I never get tired of examining the Cal Mac map of its Scottish Island Hopscotch routes. The names of the ferry ports rival the shipping forecast for poetry: Scalasaig, Castlebay, Eriskay, Stornaway, Berneray, Fishnish………
Britain is an island of course, but it doesn’t normally feel like it. Climb one of the mountains of Arran and you can see its edges all around you.
First-time visitors to the Isle of Arran appear to be driven by two compulsions. The first is to go round it (by one means or another) and the second is to climb to the highest bit (Goat Fell). This gives a reassuring sense of boundaries. I know because I did it too. These days, living on a small island, my mountain climbing is measured, not by Naismith’s Rule, but by the ferry to-ing and fro-ing down below: “Oh look, there’s the ferry coming,” I say, and a bit later “ There goes the ferry,” and a bit later “Oh no, not the ferry,” (aware of the embarrassing truth that I’m walking very slowly).
The main fact of life about islands is that you can get stuck on them.

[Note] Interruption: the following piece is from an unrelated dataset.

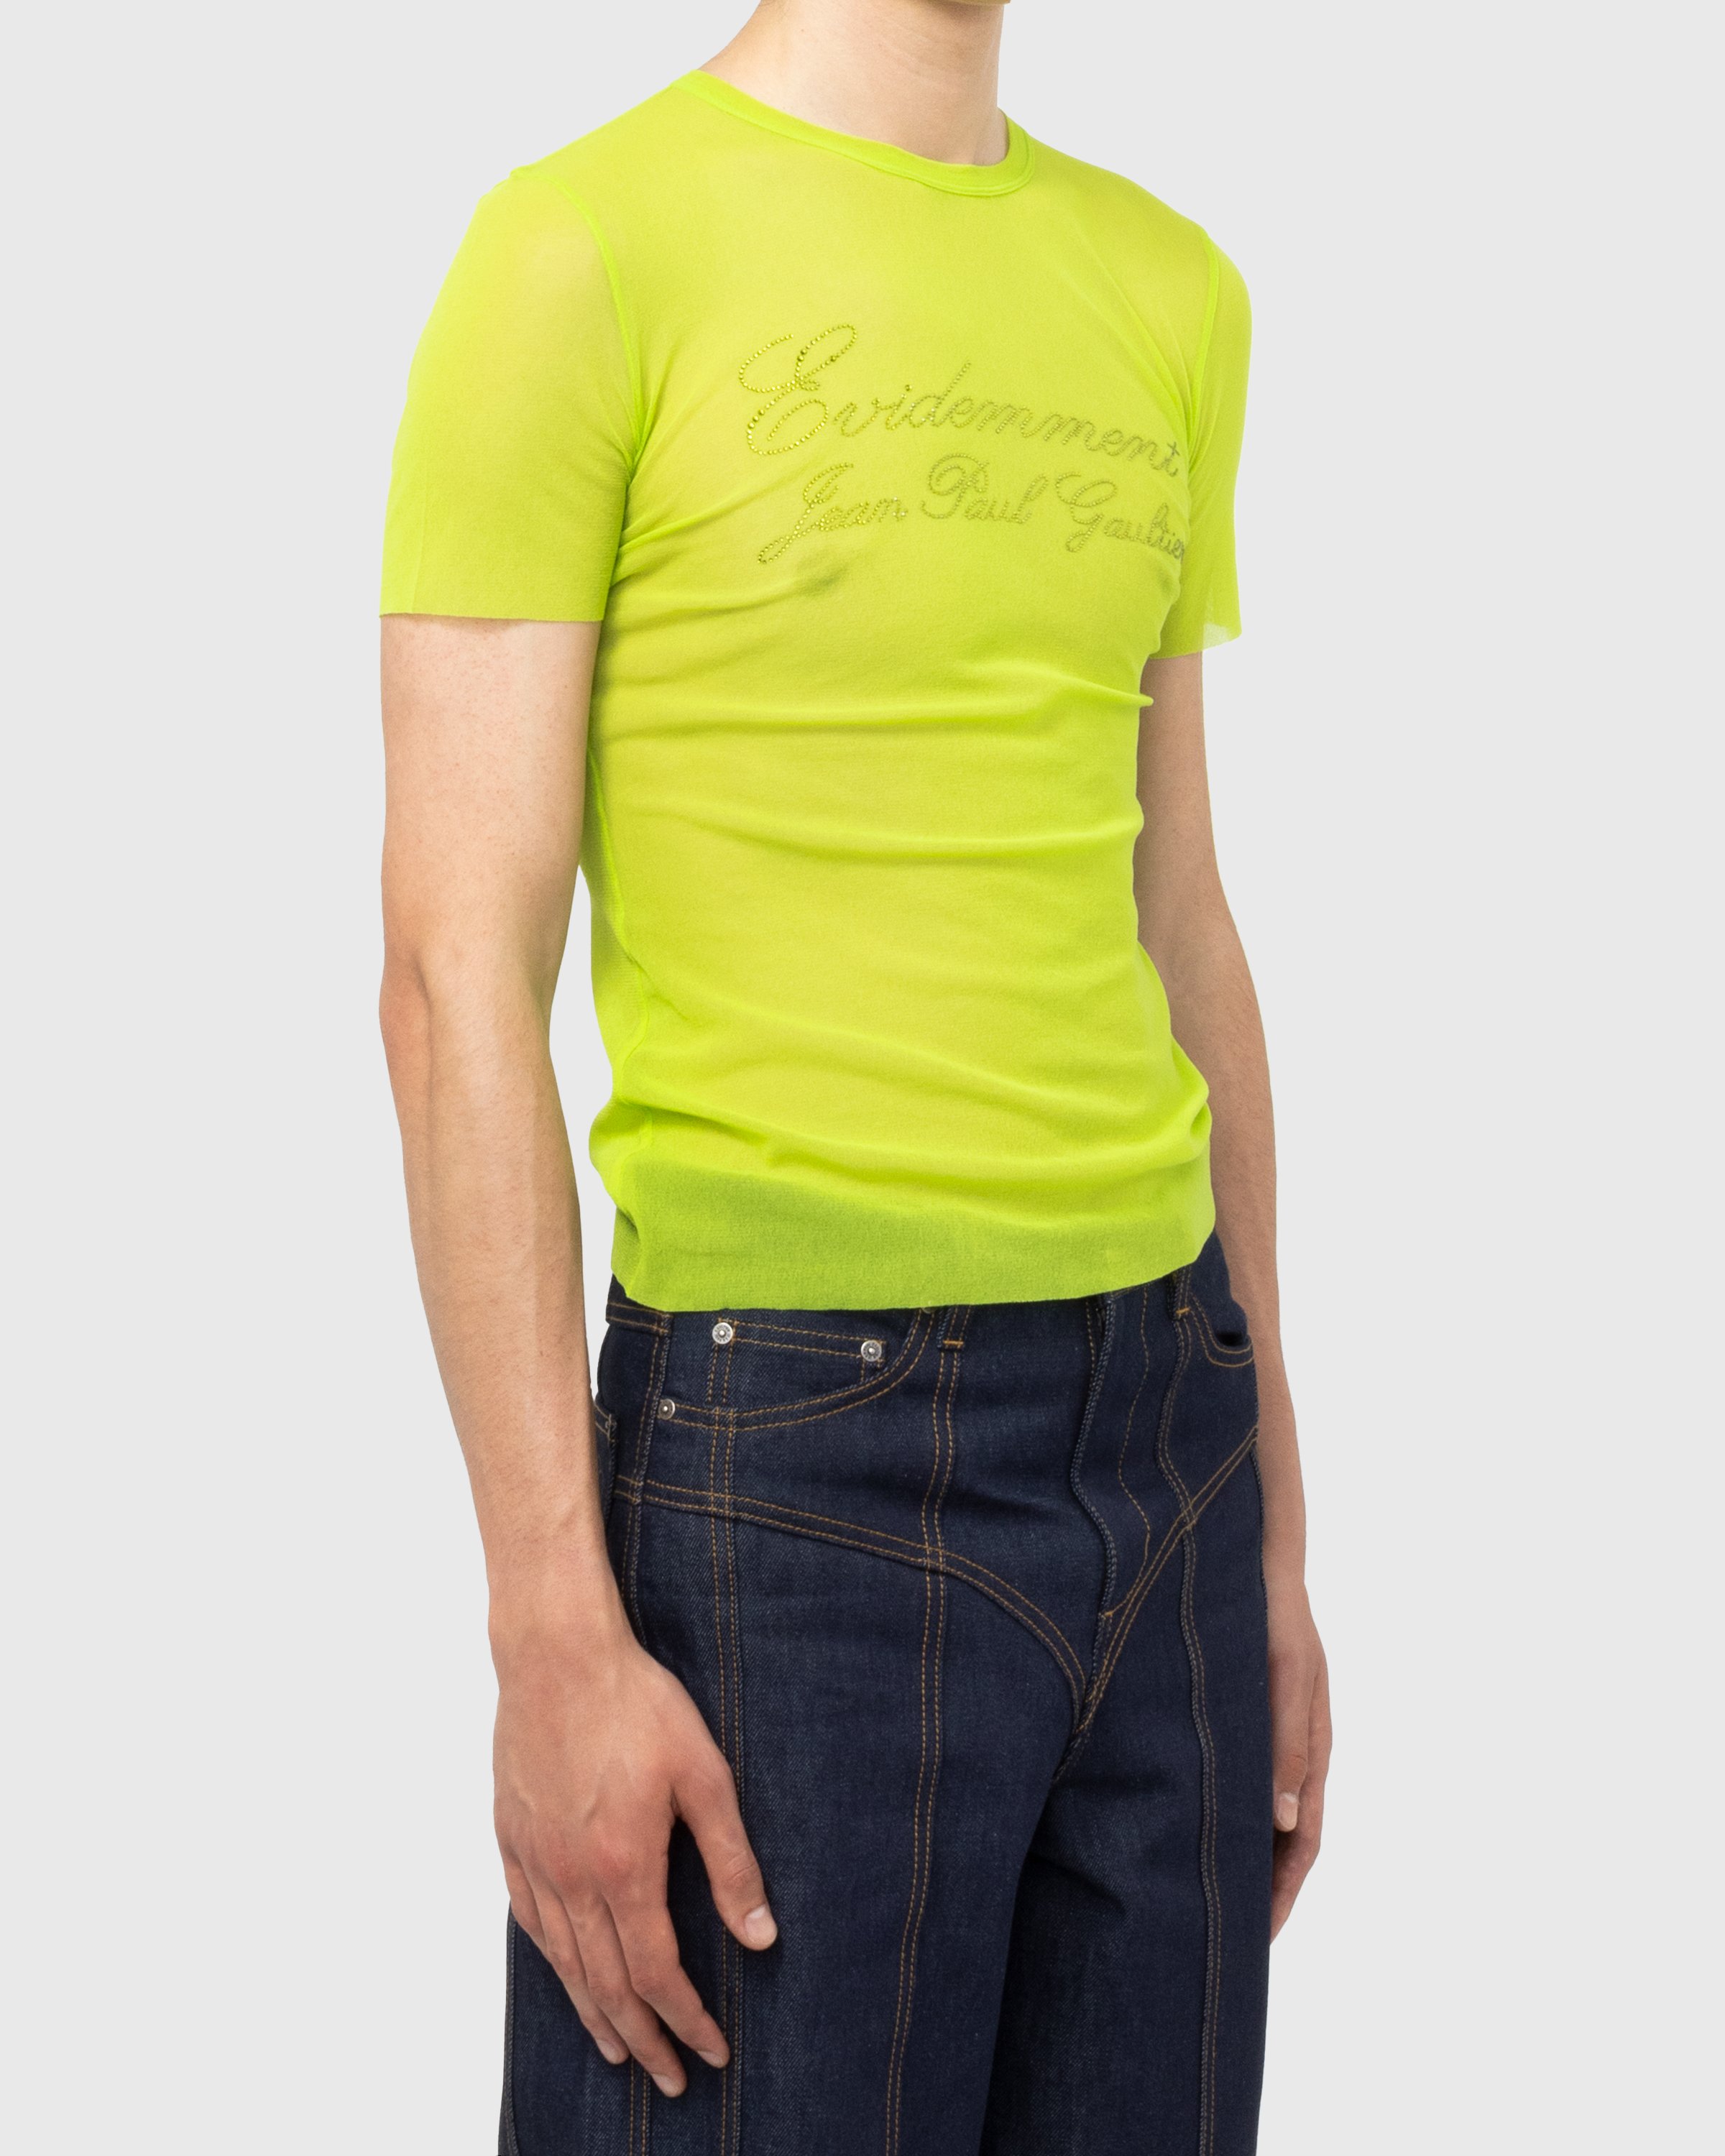 Jean Paul Gaultier - Évidemment Tulle T-Shirt Lime Green - Clothing - Green - Image 5

Nigel and I got stuck on an uninhabited Scottish island once, on a sea-kayaking trip. Never assume that just because you’ve planned something it can’t go wrong- especially where the sea’s concerned. We had failed to understand that a force 5 or 6 forecast constitutes good weather in Northern Scotland. In the end we faced a choice between crossing choppy seas and being attacked repeatedly by great skuas, which flew at our heads with military precision. We decided that the sea was marginally less vicious, and fortunately lived to tell the tale.
So- living on an island is all about living with the knowledge that there are times when you can’t get off. And there are not only no 24 hour supermarkets on Arran but no food deliveries at all when the ferries don’t sail. The Sunday papers get to the village shop at Pirnmill about 12.30; which actually is a very good excuse for a long lie-in.
From Arran you can see lots of islands, small and big: Pladda, Ailsa Craig, the Cumbrae, Inchmarnock, Islay, Jura, Bute ... even Mull, all waiting in the sea suggesting all sorts of tempting possibilities. And that’s another thing…. in island life your most useful possession is a boat.